Ok. Assuming you've covered CFs and PIs for ordinary differential equations at a level. The solution of a linear difference equation is similar.

For the complementary function of transient response, consider the homogeneous system

y(t) - py(t-1) = 0

And assume a response

y1(t) = a^t

Sub it in and solve for a. When |a| < 1, the dynamics will converge to the steady state and the value of a determines the half life.

For the Particular integral or steady state solution, consider the original system and assume a solution

y2(t) = C

Sub it in and solve for C.

The overall solution is

y(t) = Ay1(t) + y2(t)

Where A is determined by the initial conditions y(-1)

Have a go and post progress / questions?

**mqb2766**)Ok. Assuming you've covered CFs and PIs for ordinary differential equations at a level.

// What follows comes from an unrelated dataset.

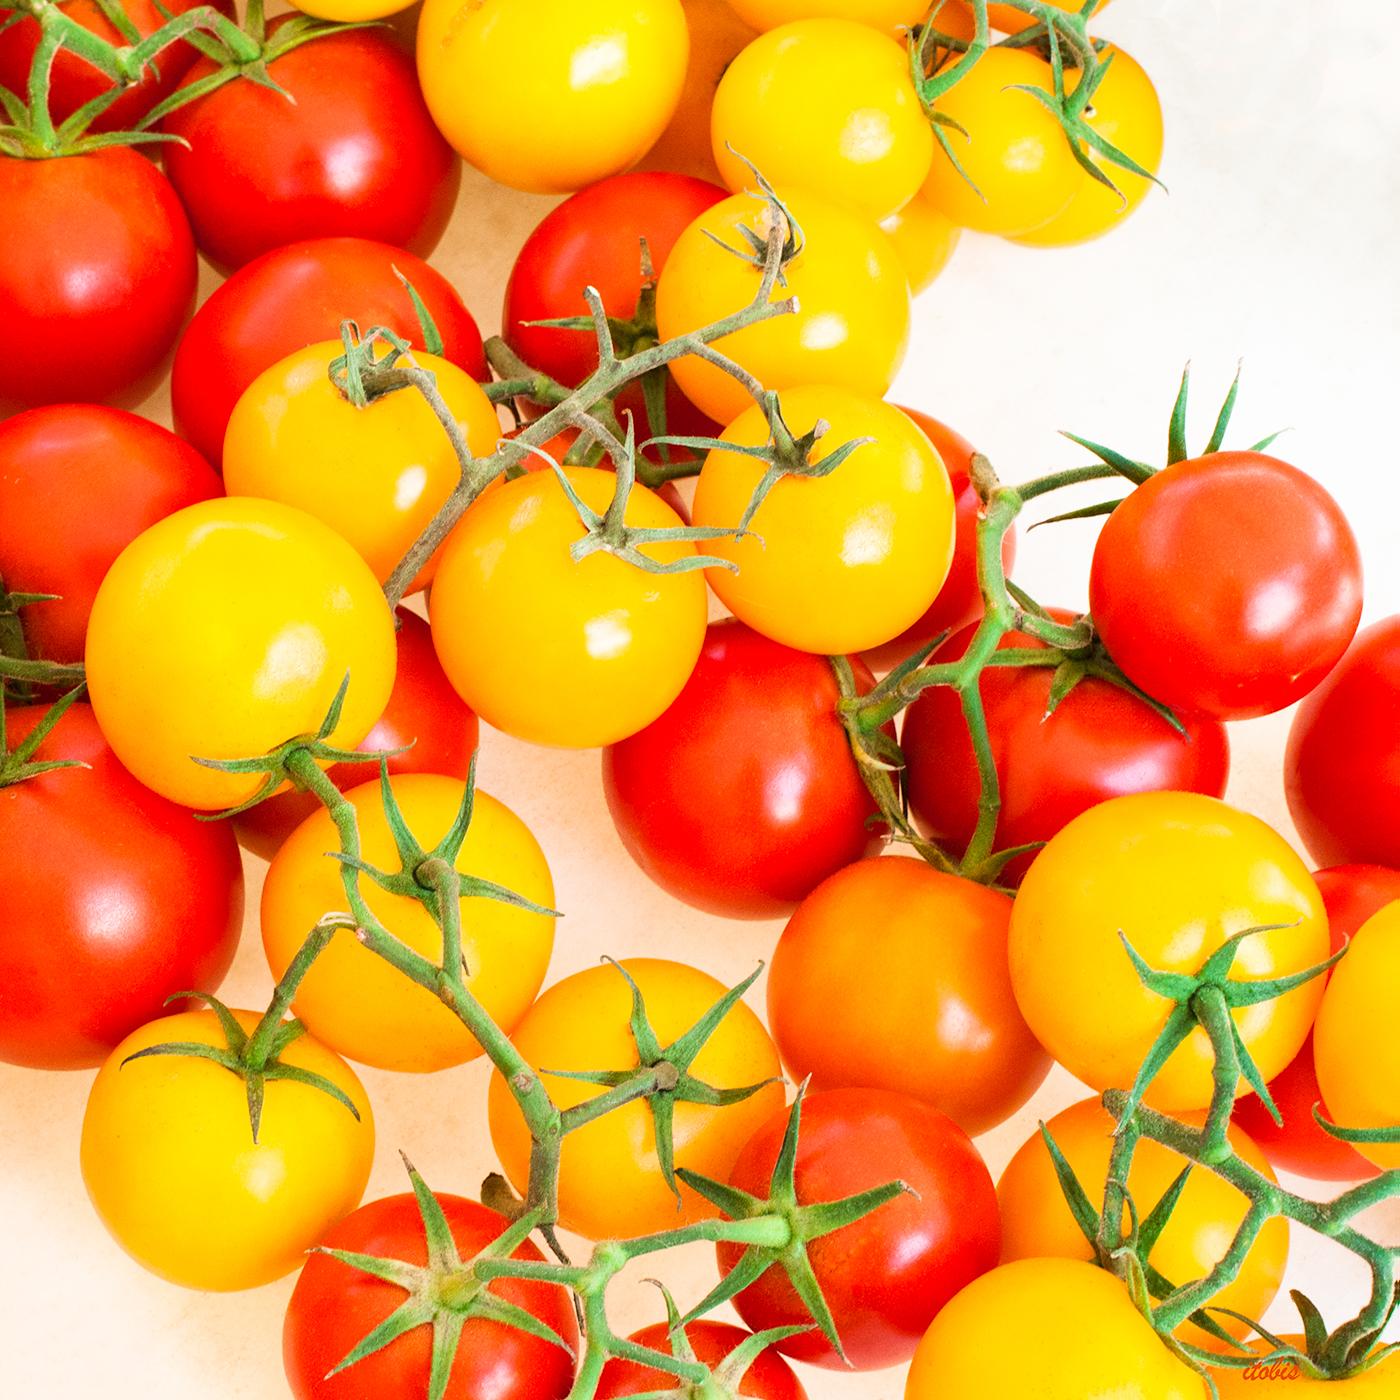 KITCHEN PHOTO BOARD : Tomatoes on the Vine - Ingleside Tomatoes - Ottawa Farmers' Market, Lansdowne Park - photo by Irene Tobis
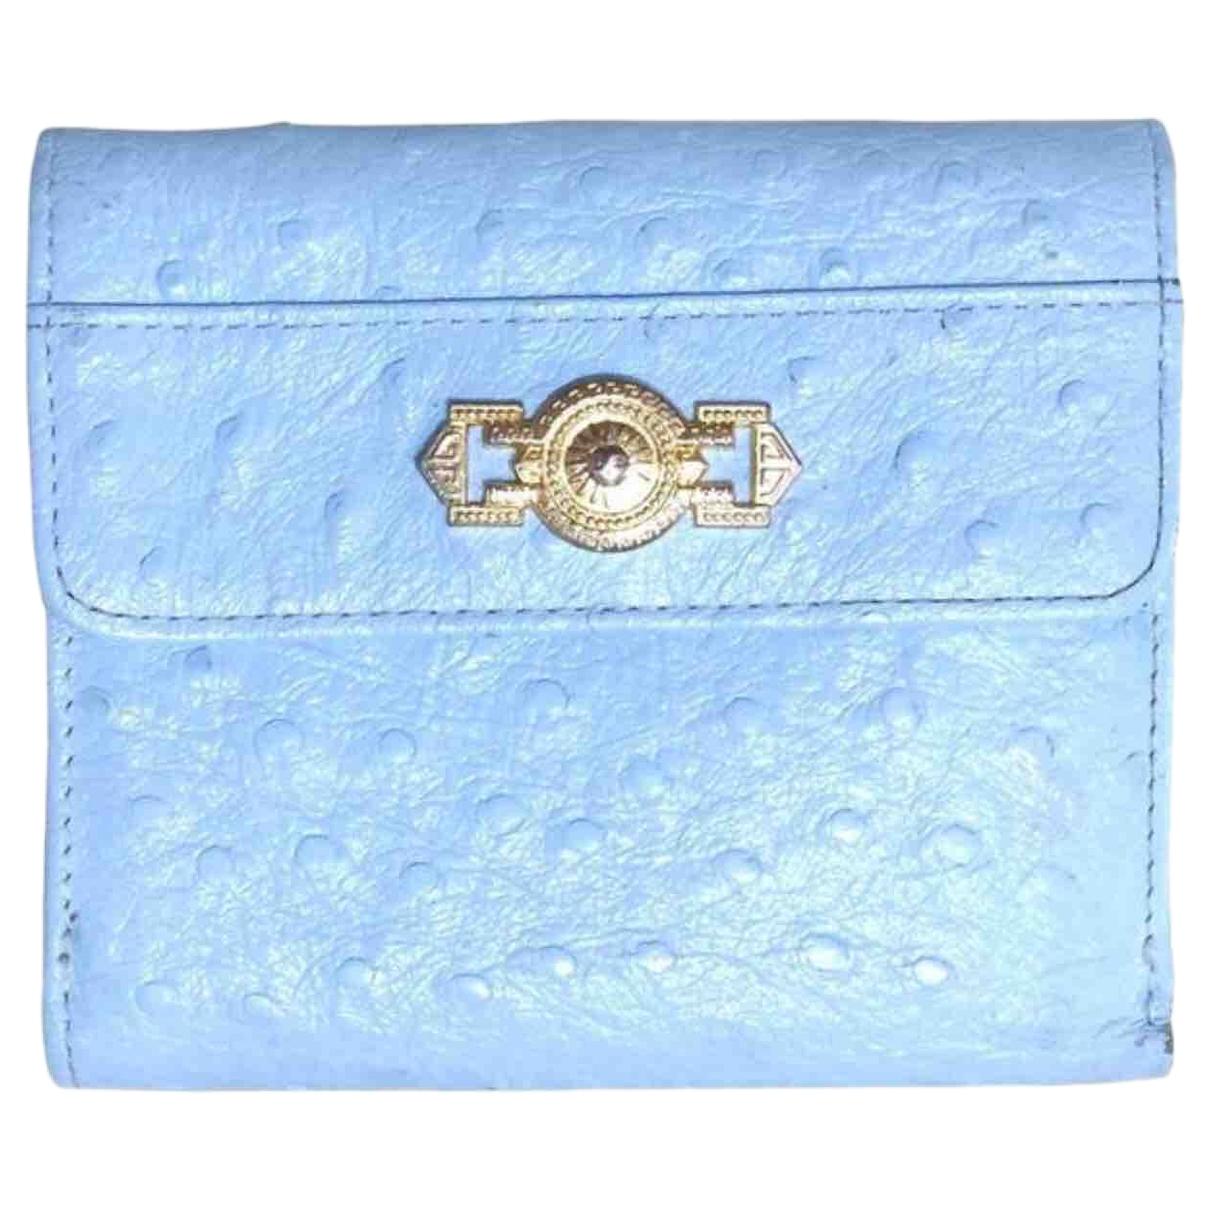 Gianni Versace \N Kleinlederwaren in  Blau Leder

The solution of a linear difference equation is similar.

For the complementary function of transient response, consider the homogeneous system

y(t) - py(t-1) = 0

And assume a response

y1(t) = a^t

Sub it in and solve for a. When |a| < 1, the dynamics will converge to the steady state and the value of a determines the half life.

For the Particular integral or steady state solution, consider the original system and assume a solution

y2(t) = C

Sub it in and solve for C.

The overall solution is

y(t) = Ay1(t) + y2(t)

Where A is determined by the initial conditions y(-1)

Have a go and post progress / questions?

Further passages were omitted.